Sen ne düşünüyorsun dediklerinde.
Ben de seyahat etmek gezmek istiyorum ya da seyahat ediyorum ancak, sizin talep ettiğiniz gibi değil;
İnsana, çevreye seyahat ediyorum, en güzel seyahat insandan insanadır diyorum.
Onlar bunun masrafsız olduğunu söylüyorlar...
Bu hafta sonu biraz seyahat ettim.
Kapadokya Çavuş in Köyü’nden yaklaşık yarım asırlık Turizm sektöründe işletmecilik ve Turist Rehberliği yapan bir Aileyle tanıştım...
- Aile yaklaşık kırk yıldır Butik Otel işletmeciliği yapıyor.
- Ben kısaca sordum, bir baba ve iki oğul anlattılar ama en çok da baba, anlattı.
- Ne kadar zamandır bu işin içindesiniz?
Burda “Çavuş in” Butik Otel işletmeciliğine ilk başladığım 1979 yıllarının başıydı. Çavuş in ’de ilk yataklı konaklama işletmeciliğin girişimlerini biz başlattık.
O zaman babadan kalma işte şu mekanı “ yöresel yapı” Otel’e çevirmek istiyoruz.
Ancak, köy ’de bu konaklama girişimimi duyan herkes bana cephe aldı küstü.
İki, üç yıl köy ’de hiç kimse benimle konuşmadı,
Bizi dışladılar.
“sen Turistlere yönelik işletme Otel yapıyorsun, yarın O gevurlar gelip, bizim çoluk-çocuğumuzun ahlakını bozacaklar, onlar açık çıplak giyiniyorlar, biz buna karşıyız”. Köylüler, böyle söyleyip bize karşı çıktılar.
Ardından, İl Turizm Müdürlüğü bize işletme ruhsat vermedi, ilgili kurumların hiç birisi bizimle ilgilenmedi, Belediye başından attı ve en çok da direnen Kaymakam oldu.
Kaymakam “ olmaz “diyor, başka bir şey demiyor , dilekçelere de cevap vermiyordu.
Yıl 1986’lara gelindiğinde, bölgeye Kenan Evren geldi.
Kenan Evren, bölgede halka hitaben konuşmaları esnasında “ evlerinizin bir odasını dışardan gelen Turistlere açın, bölgeye gelen Turistlerin yararlana bileceği hizmetleri sunmakta çekinmeyin” dedi.
Kenan Evren’in bu çağrısını duyunca hemen heyecanla Kaymakam’a koşar adım gittim.
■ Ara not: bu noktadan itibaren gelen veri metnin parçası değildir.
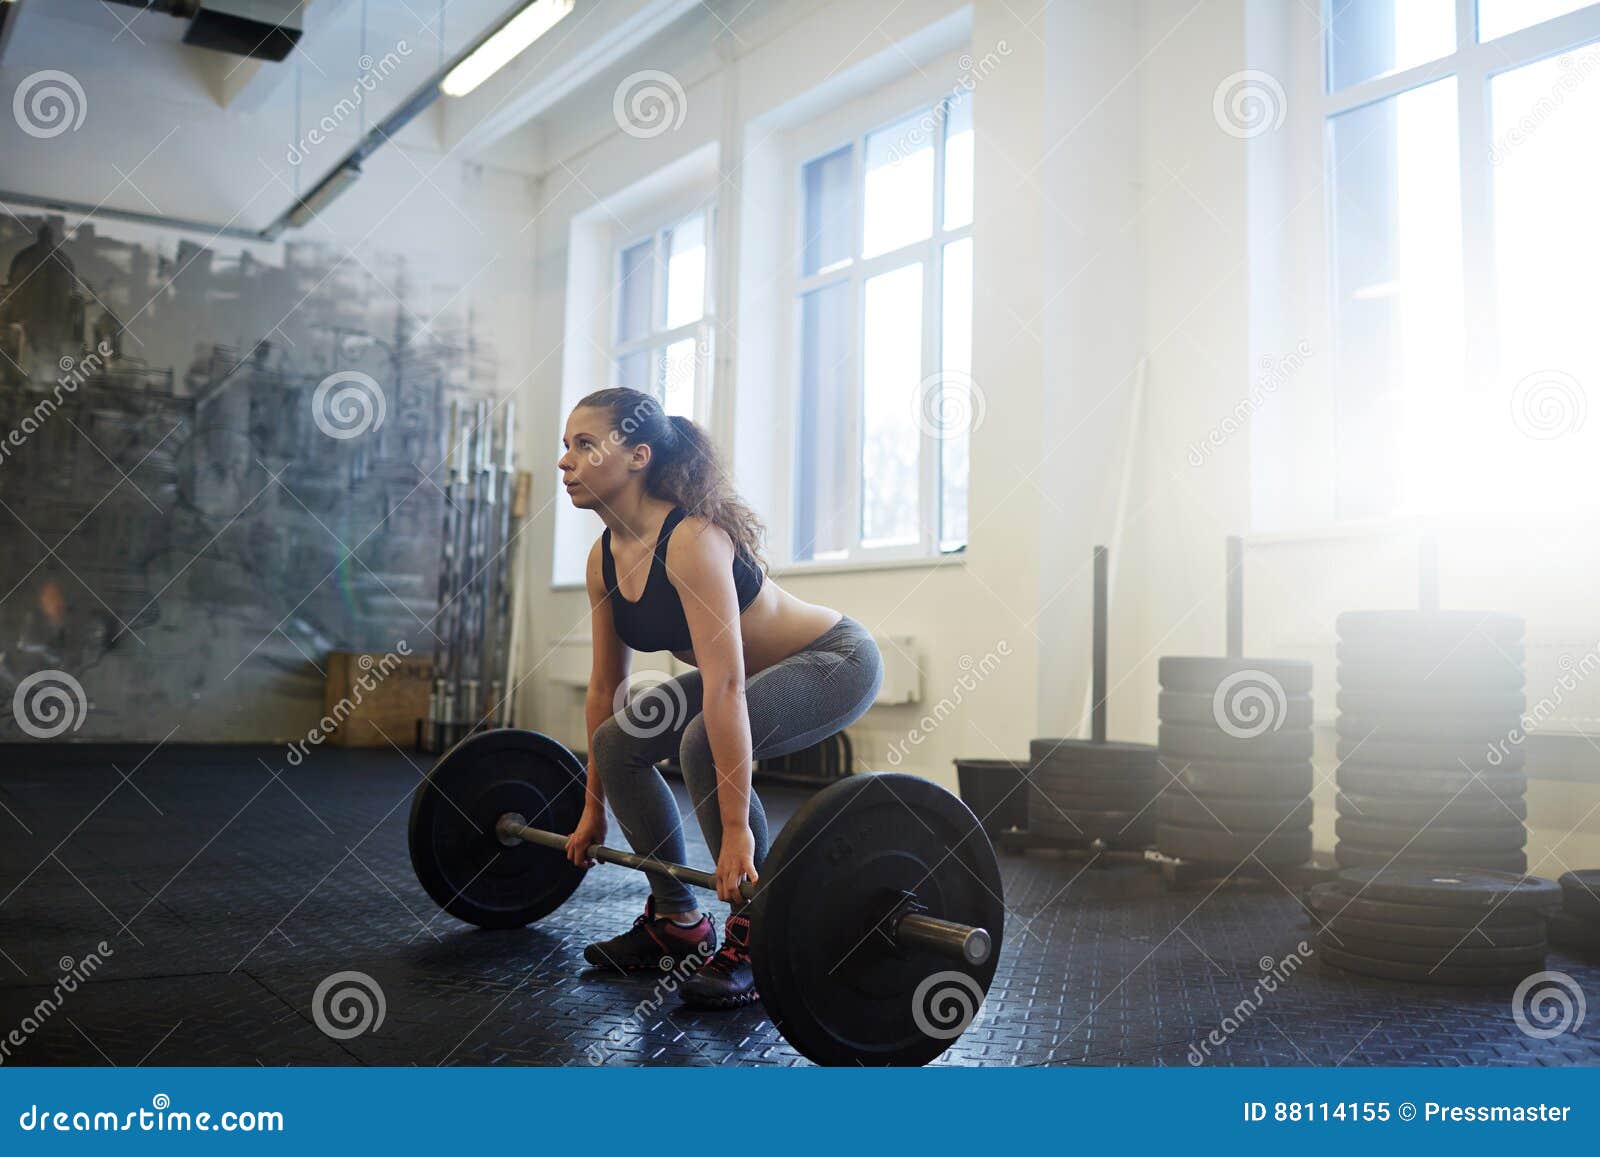 Lifting weight in gym stock image. Image of active, strong - 88114155

Kaymakamım, bak Kenan Evren böyle diyor, sen de benim ruhsatımı vermiyorsun; ben dilekçeyi Kenan Evren’e vereceğim, bir yolunu bulup onunla bu konuyu görüşecem dedim.
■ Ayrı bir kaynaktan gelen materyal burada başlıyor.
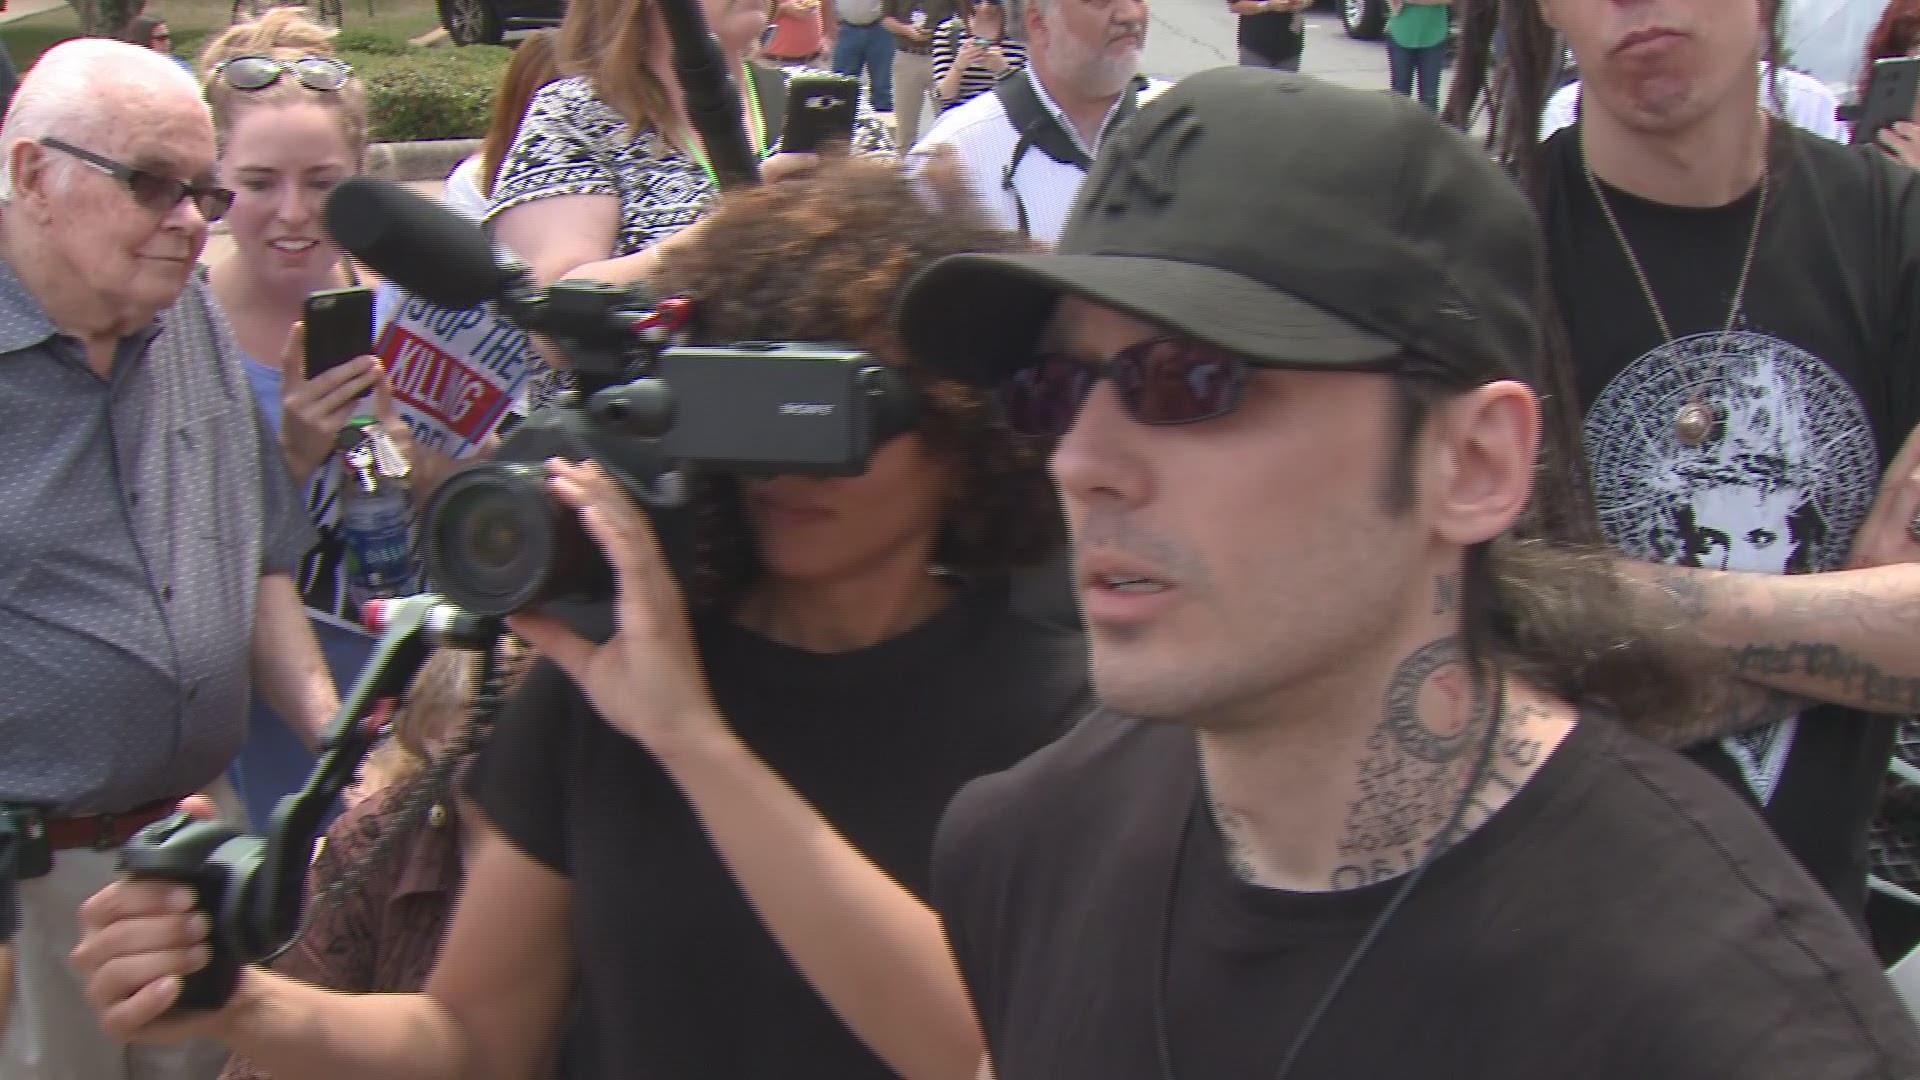 Damien Echols returns to Arkansas to protest the execution of 7 men in 10 days

- Kaymakam “ Tamam, sen şimdi dur Evren’e durumu aksettirme, Paşa gitsin, ben senin işini görecem” dedi.
Kenan Paşa, bölgedeki ziyaretini tamamlayıp gittikten sonra. Ben hemen yine Kaymakam’a bir umutla vardım. Kaymakamım ben geldim, bizim ruhsatı vereceğini söylemiştin ya, onun için dedim.
Kaymakam, bakalım, edelim derken yine bir adım atmayıp işi savsakladı ve iki sene daha öyle geçti.
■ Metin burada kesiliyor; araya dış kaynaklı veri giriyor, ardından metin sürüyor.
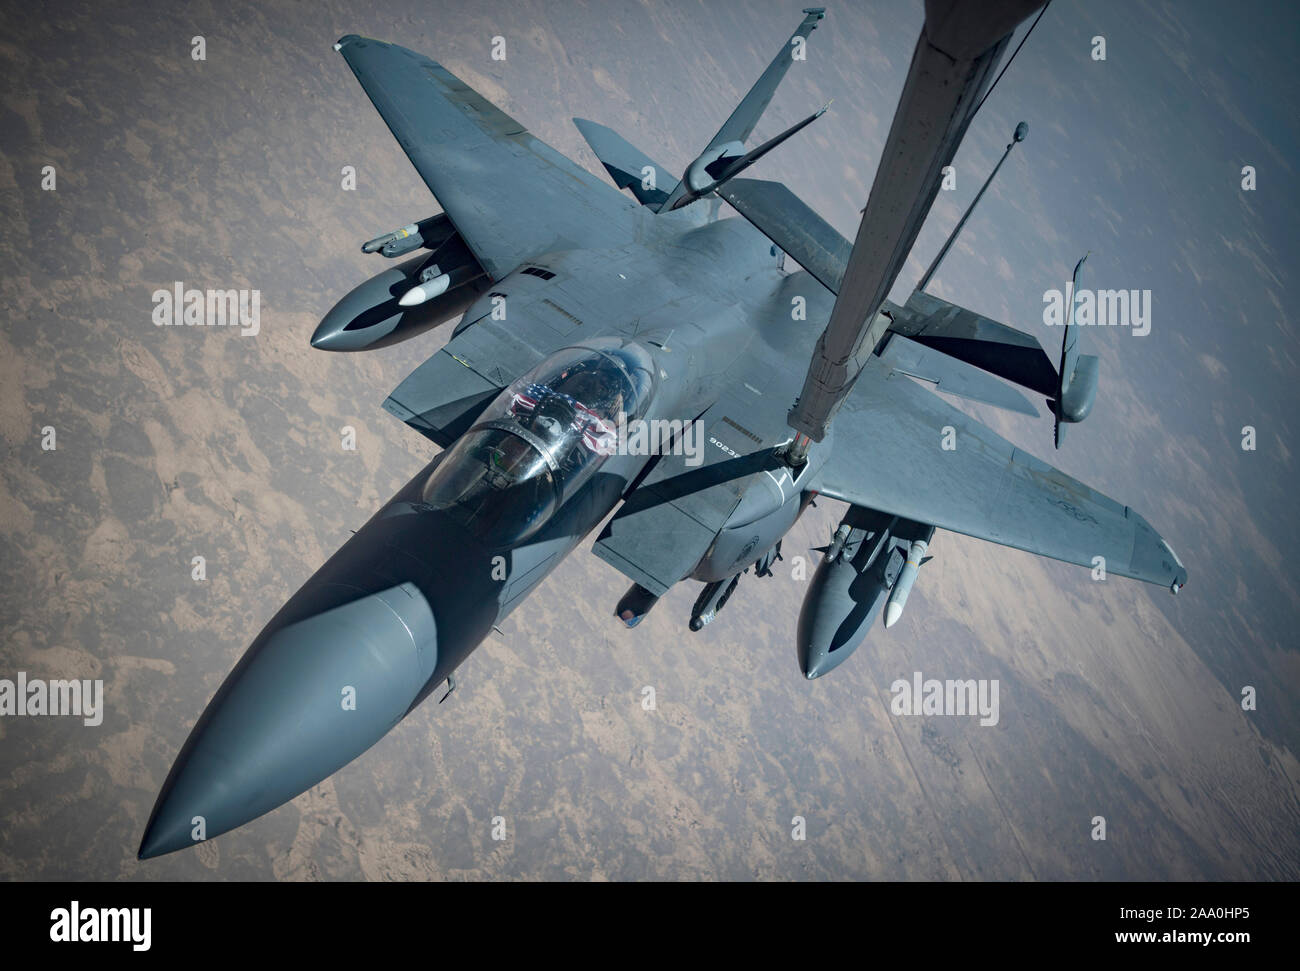 An F-15E Strike Eagle conducts aerial refueling with a KC-10 Extender from the 908th Expeditionary Air Refueling Squadron, July 2, 2019, within U.S. Central Command’s area of responsibility. The fighter aircraft performs air-to-air and air-to-ground missions using the pilot to detect, target and engage aerial threats and a weapons system officer to designate ground targets. The F-15 is an all-weather, extremely maneuverable, tactical fighter designed to permit the Air Force to gain and maintain air superiority over the battlefield. Stock Photo

Neyse ki ilerleyen süreçte bir çok zorluk ve mücadeleden sonra işletme ruhsatımızı temin ettik. Sonraki yıllarda mekanımızı geliştirip konaklama sektöründe marka değeri olan bir Butik Otel’e dönüştürdük.
- Çavuş in ’de Butik Otellerin arka doğu cephesini gösterdi, “bakın orda çarpık bir yapı var, kuyu ruhsatı bahanesiyle buraya adamın birisi hiç bir şeye benzemeyen bir ucube gecekondu yaptı ancak ne hikmetse yarısını yıktılar yarısı vadinin görselliğini kirletmeye devam ediyor.
- Ne zaman yapıldı bu yapı?
- İki sene kadar önce.
- Peki bu yamaçlar harika görseller, bu yamaçları akşamları ışıklandırsanız müthiş bir görsellik kazandırırsınız.
- Köyün bütçesi yeterli değil, belki ilerleyen süreçte bir şeyler yapılabilir.
- Peki burda “çavuş in ’de” ne kadar Butik Hotel pansiyon var?
- Yaklaşık yirmi adet var.
- Bu sayı elli yılda hiçbir şey değil çok az.
- Müşterileriniz kim, hangisi çoğrafyadan?
- Geçtiğimiz yıllarda çoğu Fransız’dı ancak son yıllarda yerli müşterilerimiz de ağırlık kazanıyor. Bizim müşteriler genelde referans odaklı. Tur Operatörleriyle çalışmıyoruz.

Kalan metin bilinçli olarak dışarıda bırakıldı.